Home Informasi Setiap saat TNI AL, Dit Polair dan Bea Cukai Laksanakan Rakor Upaya Berantas Penyelundupan...

TNI AL, Dit Polair dan Bea Cukai Laksanakan Rakor Upaya Berantas Penyelundupan Barang Ilegal

0

humas.polri.go.id- Direktorat Kepolisian Air (Ditpolair) Polda Sumut melaksanakan rapat koordinasi terkait isu penyelundupan di Wilayah Pantai Timur Selat Malaka pada hari Kamis, 9 November 2017 jam 09.00 s/d 13.00 wib di Aula Kanwil BC Belawan.

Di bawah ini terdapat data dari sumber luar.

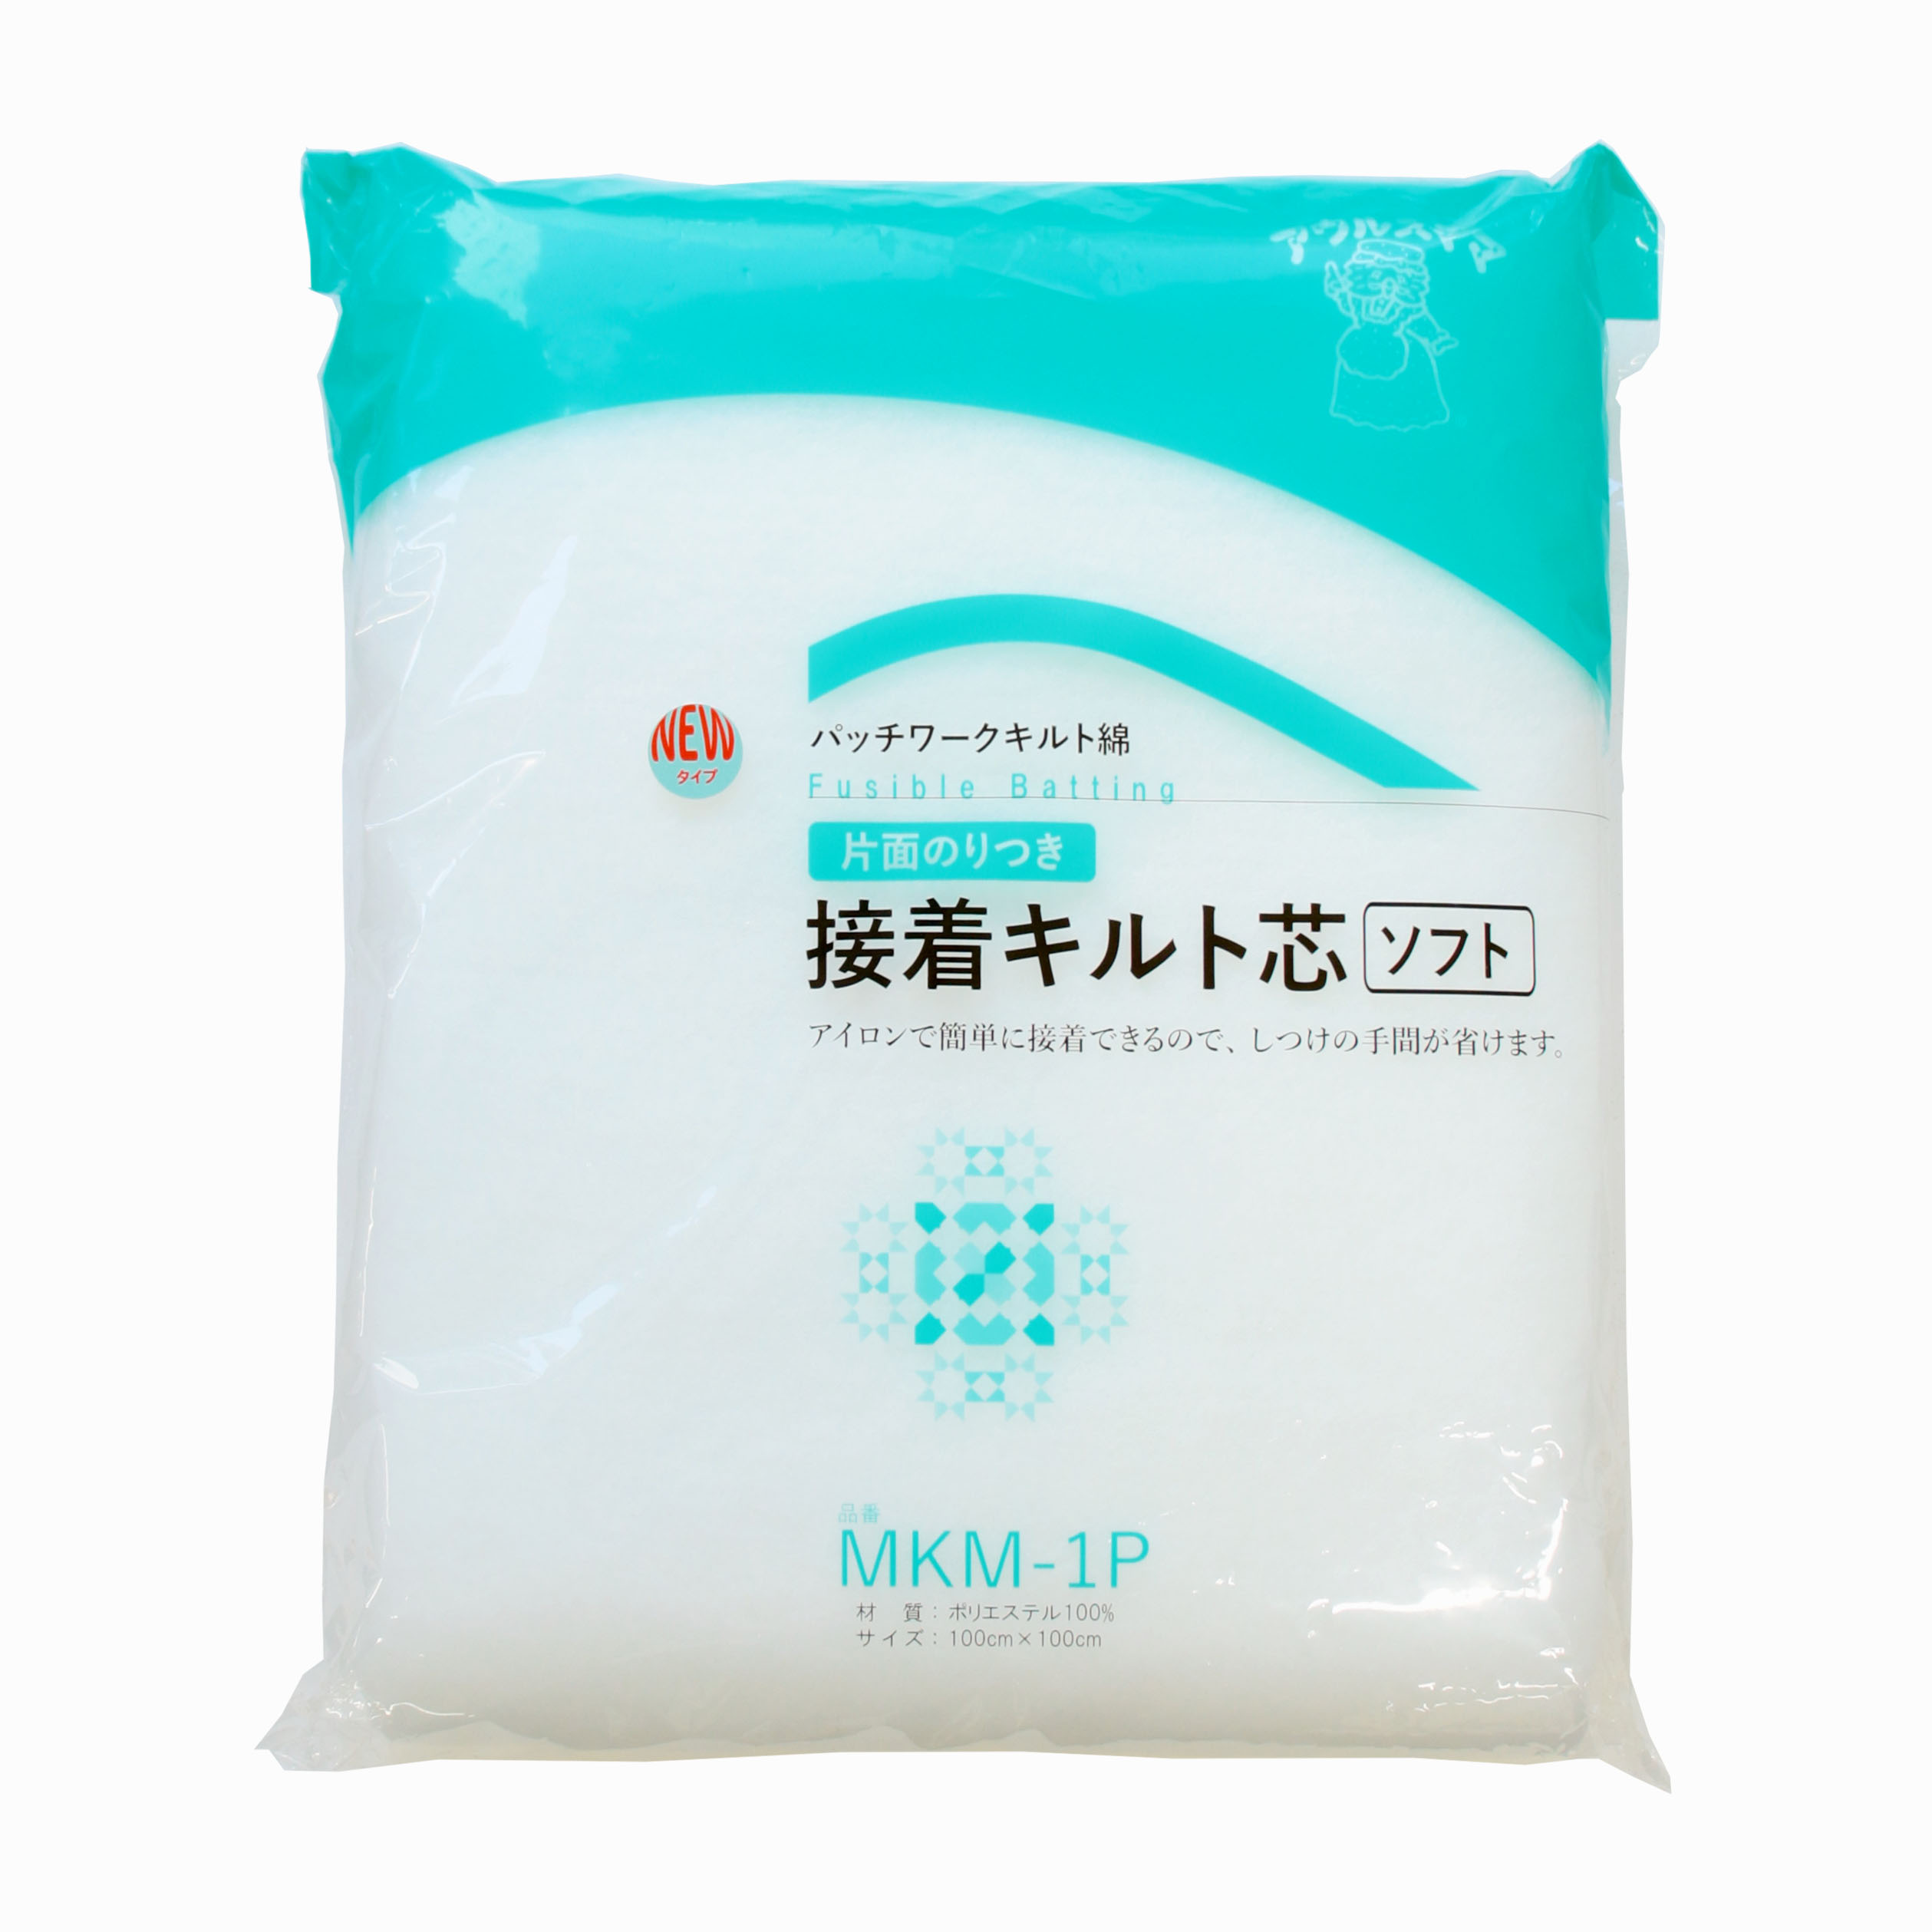 MKM-1P Single-Sided Glue Adhesive Quilt Core Soft 100cm x 100cm White (bag)

Rakor tersebut dipimpin oleh Kabid Penindakan dan Penyidikan Bea Cukai (P2BC) dan dihadiri oleh Dirpolair, Dit krimsus, Dit Krimum, DanOps & Asintel Lantamal. Turut pula dihadiri oleh beberapa Kapolres jajaran Polda Sumut antara lain Kapolres Tj Balai, Asahan, Lab. Batu, B.Bara, Tebing Tinggi, Langkat, Pel Belawan, Sergai, dan Polres Deli Serdang.

Dalam rakor tersebut diagendakan paparan oleh Kabid P2BC yang menjelaskan upaya jajaran Bea Cukai yang telah lama serius melakukan pemberantasan penyelundupan antara lain melalui Patroli Bersama dan penegakan hukum atas perlawanan masyarakat kepada petugas dengan sasaran kapal/pelaku lundup barang illegal.

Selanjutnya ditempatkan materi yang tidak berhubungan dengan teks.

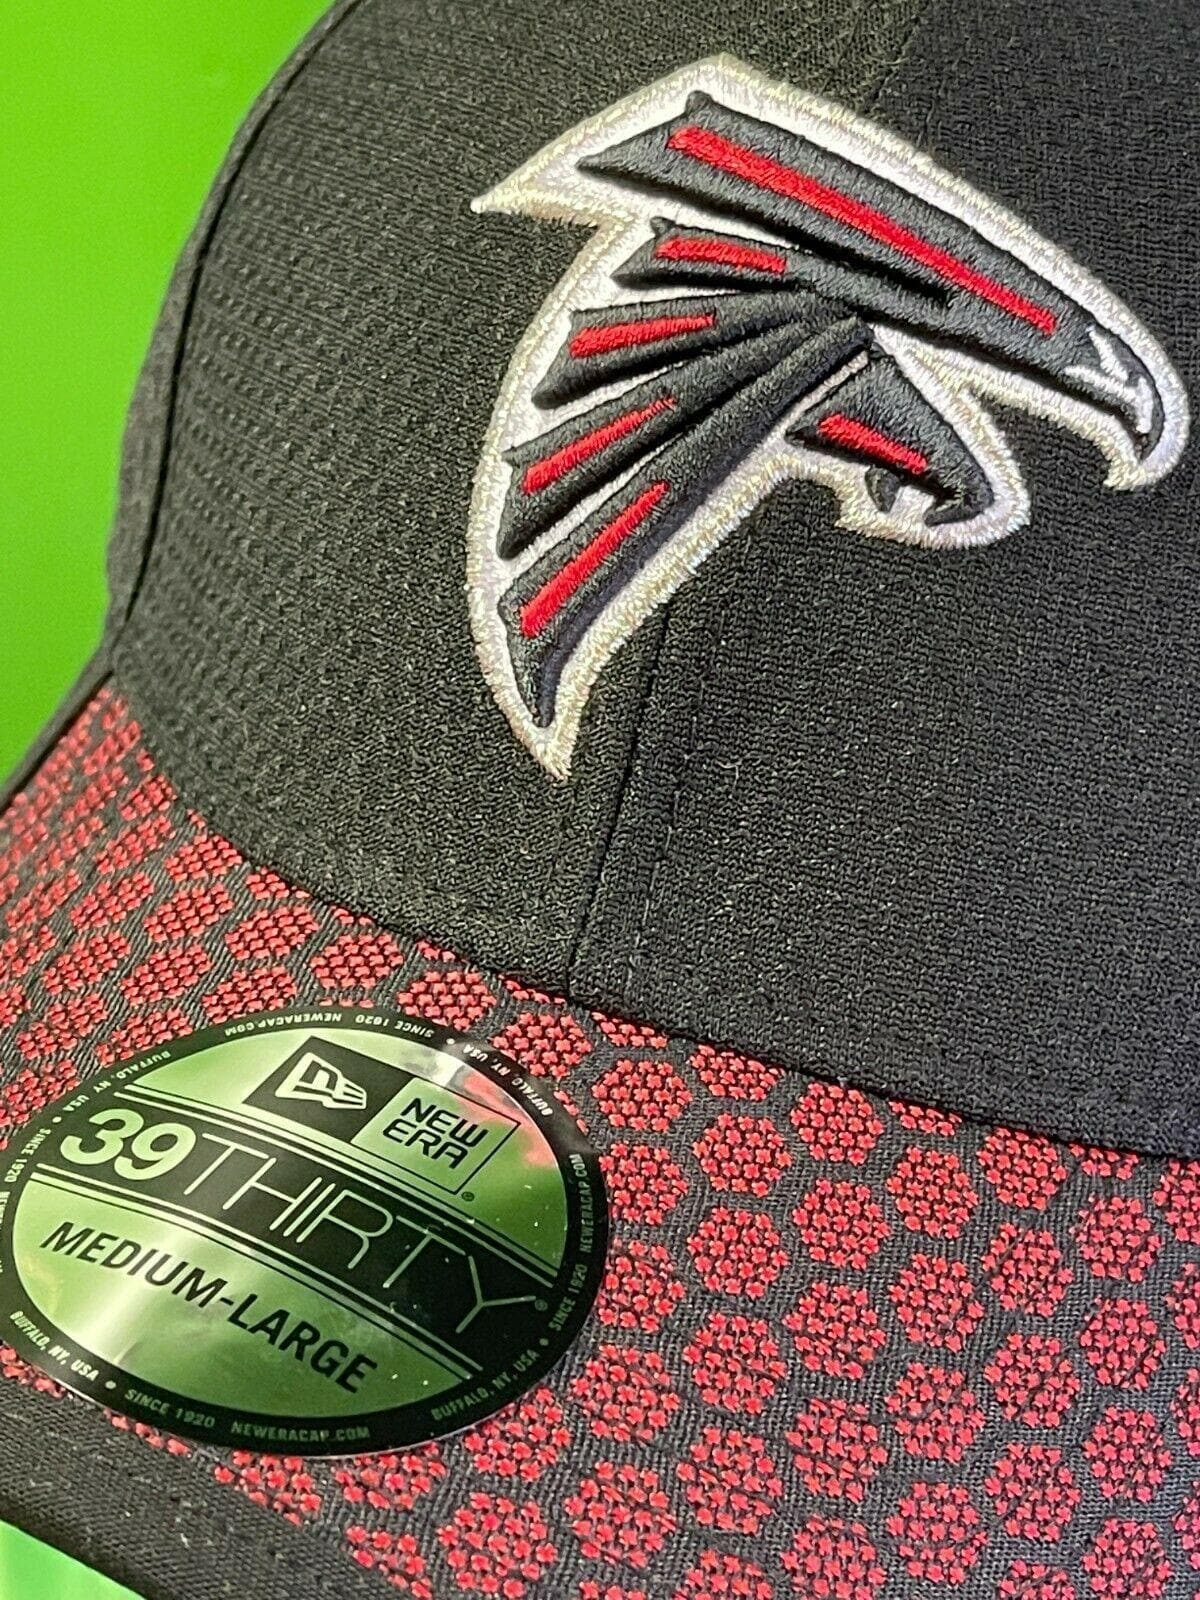 NFL Atlanta Falcons New Era 39THIRTY On Field Cap Hat M-L NWT

Sementara itu Dirpolair dalam paparannya menyampaikan kendala kendala dalam upaya memberantas penyelundupan dan upaya upaya yang telah dilakukan dalam pemberantasan penyelundupan baik kegiatan pre-emptive, preventif dan represif.

“Diharapkan kegiatan rakor tersebut dapat menghasilkan satu kesamaan pola tindak dalam bentuk patroli bersama dan penegakan hukum atas perlawanan masyarakat,” ujar Kasubbid Penmas AKBP MP Nainggolan.

Dalam rakor tersebut dihasilkan kesepakatan terkait Pembentukan satgas intelijen (kasi lidik subdit gkm ditpolair, pr kasat intel polres pantai timur & Kasi/kasubsi Intel BC, & Intel lantamal).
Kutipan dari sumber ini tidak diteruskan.